━━ DATA SEGMENT

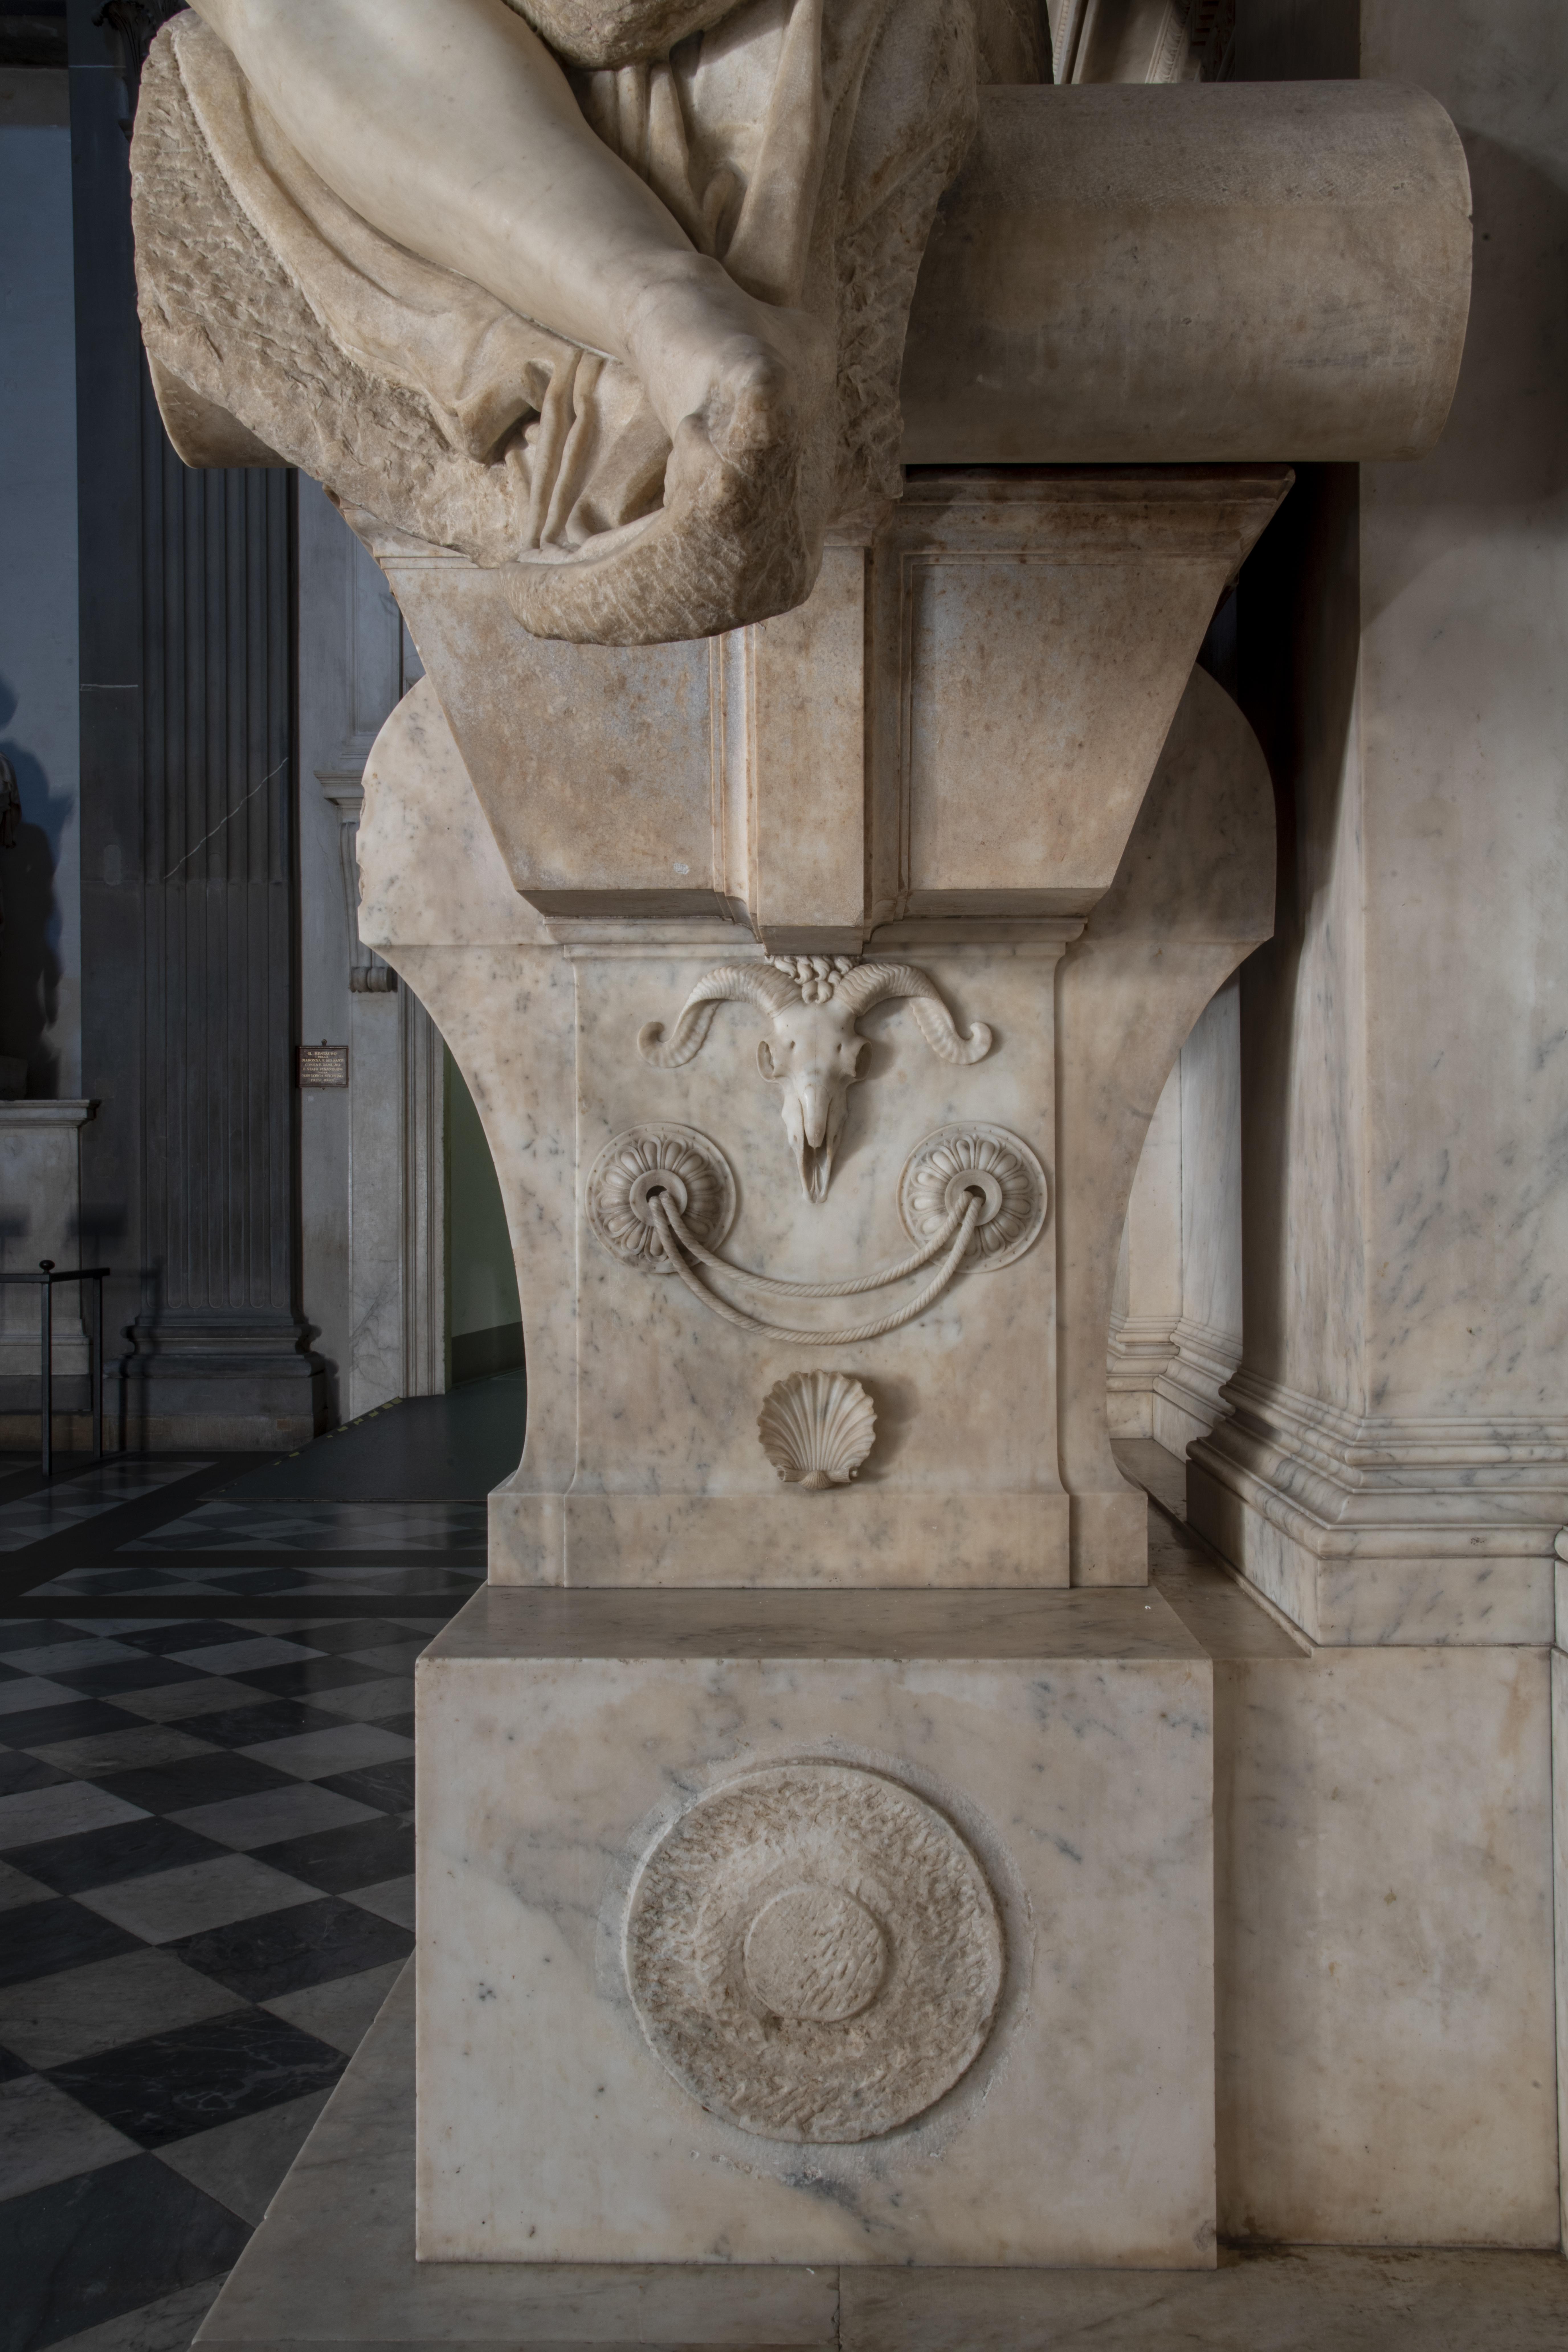 Sacrestia Nuova, Michelangelo, Tomba di Lorenzo duca di Urbino
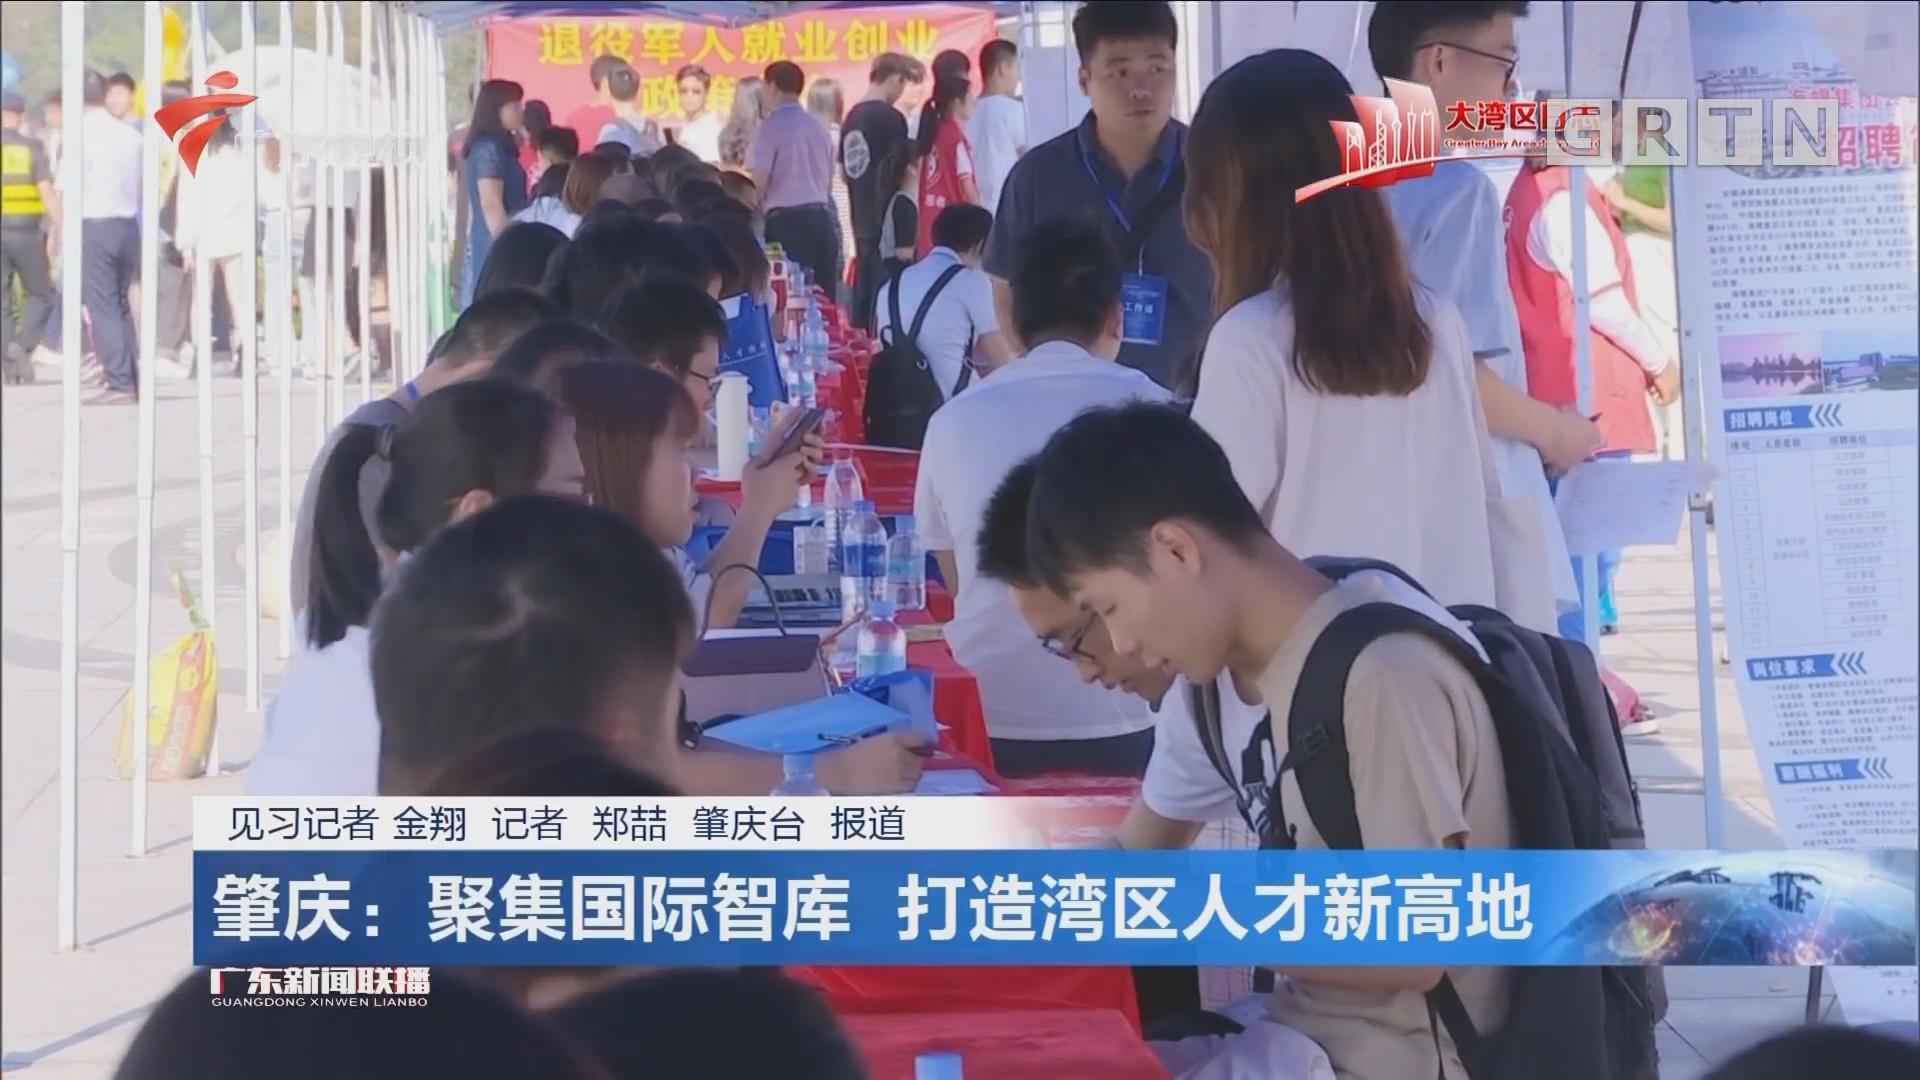 肇庆:聚集国际智库 打造湾区人才新高地
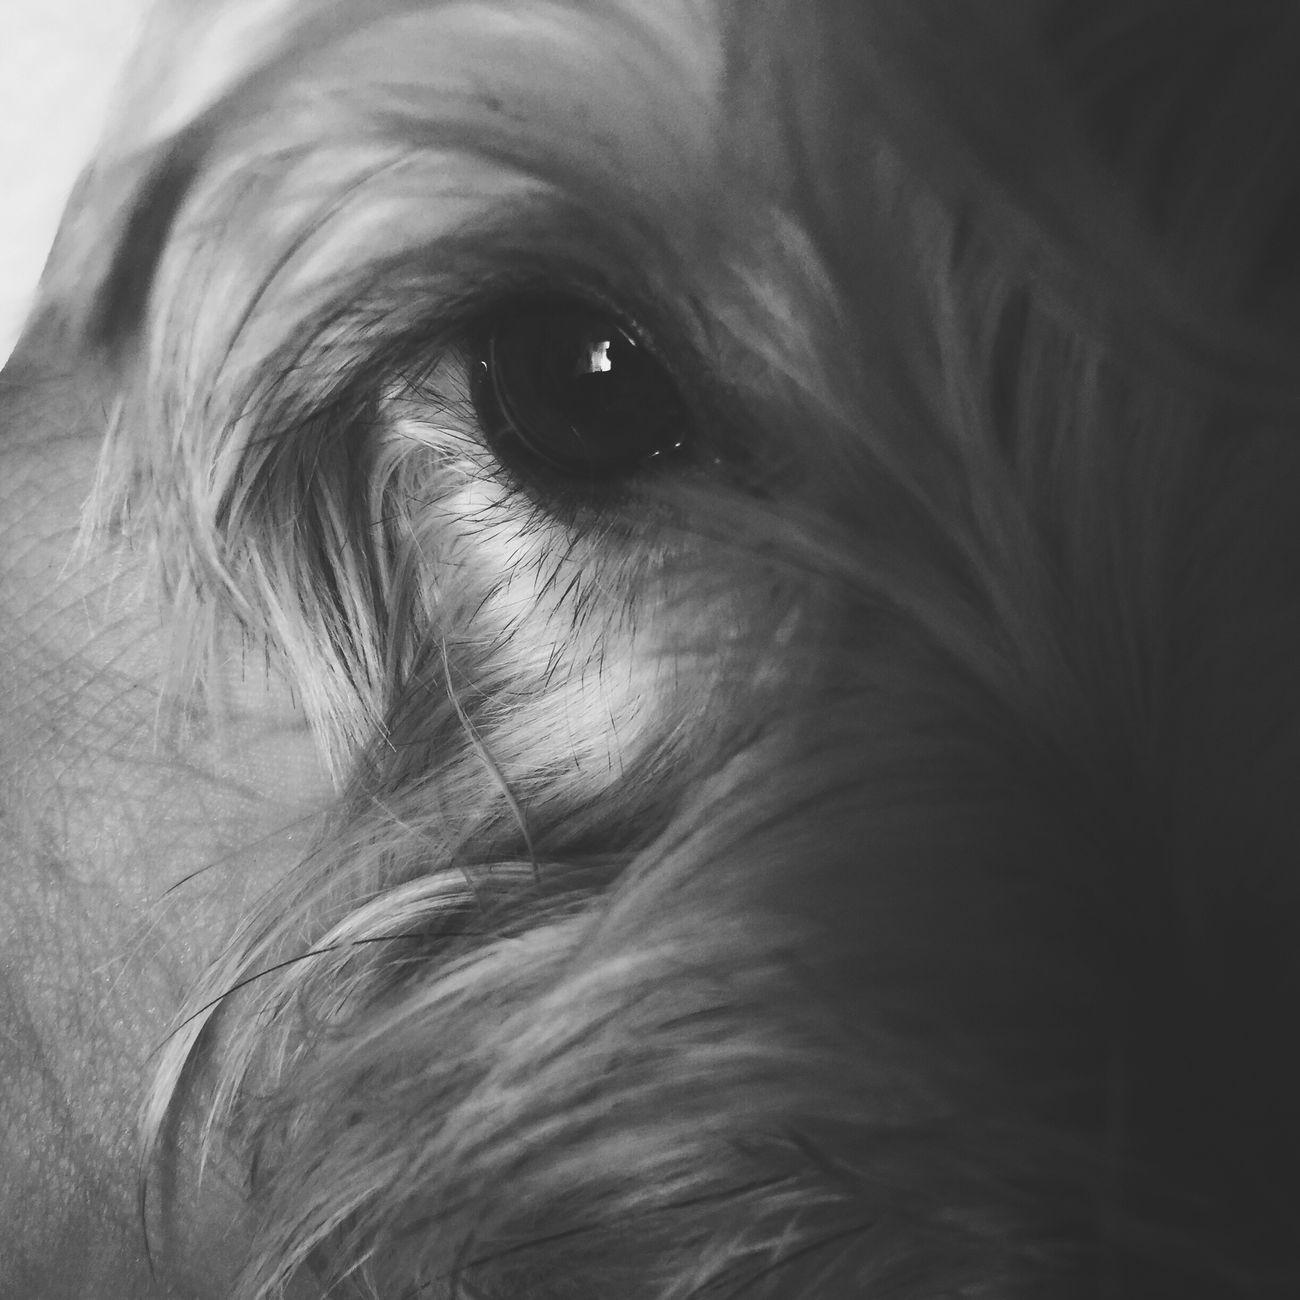 Cuando los ojos de tu 🐶 me dan inspiración 😊

━━━━

YOUR OBJECTIVE:
Print only the lines from the line that contains "肇庆:聚集国际智库 打造湾区人才新高地" to the final line of the data, inclusive. Pictures stay out.

OUTPUT:
 肇庆:聚集国际智库 打造湾区人才新高地
 Cuando los ojos de tu 🐶 me dan inspiración 😊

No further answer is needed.